Aroostook State Park is public recreation area within the southern municipal boundary of the city of Presque Isle in Aroostook County, Maine. The state park's 898 acre encompass Quaggy Jo Mountain and sit adjacent to Echo Lake. "Quaggy Jo" is an altered version of the mountain's Native American name, "Qua Qua Jo", which means "twin-peaked."

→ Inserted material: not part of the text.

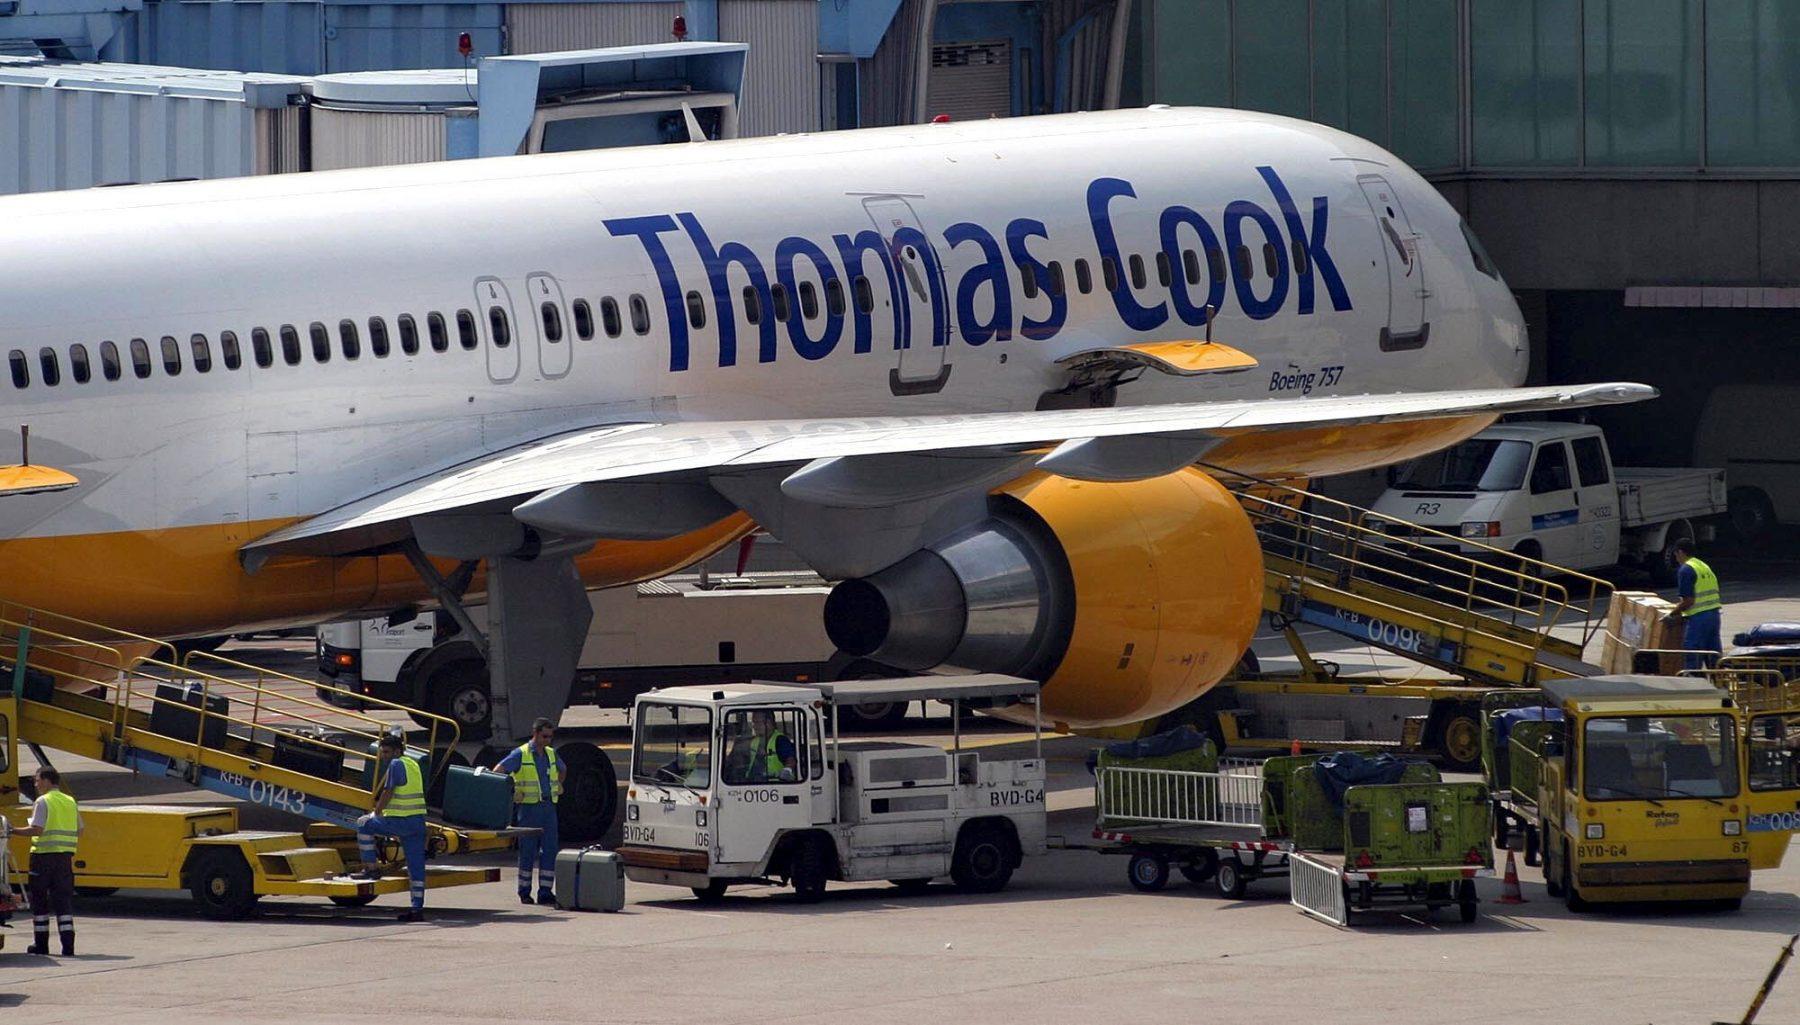 Thomas Cook maakt nogal 'lullig foutje' met vliegtuigbedrukking

The park is off U.S. Route 1 on the south side of Presque Isle. The similarly named Aroostook National Wildlife Refuge is some 30 mi to the north.

==History==
The park was formed in 1938 as the first of Maine's state parks three years after the creation of the Maine State Park Commission. It was formed through the donation of 100 acre of land by business persons from the Presque Isle Merchants Association. The park's first ski runs were built by a 35-member crew from the Works Progress Administration. In 1960, lift fees were $1 per person and the ski season was from approximately January 15 to April 15.

In 2009, the park was expanded with the addition of 145.6 acre, which cost the Department of Conservation $60,000.

== Wildlife ==
While the park's forest provides a home for black bear and moose, smaller species such as foxes, squirrels, and chipmunks are more commonly seen by visitors. The forest's mix of hardwood trees and cold-tolerant softwoods typical of northern Maine includes various species of ash, maple, and birch, as well as hophornbeam, quaking aspen, American beech, and balsam fir. Common birds include hawks, owls, and woodpeckers. Brook trout are found in Echo Lake.

==Activities and amenities==
The park offers a 30-site campground and trails for hiking, cross-country skiing, and snowshoeing. Swimming, fishing, and canoeing are offered on Echo Lake.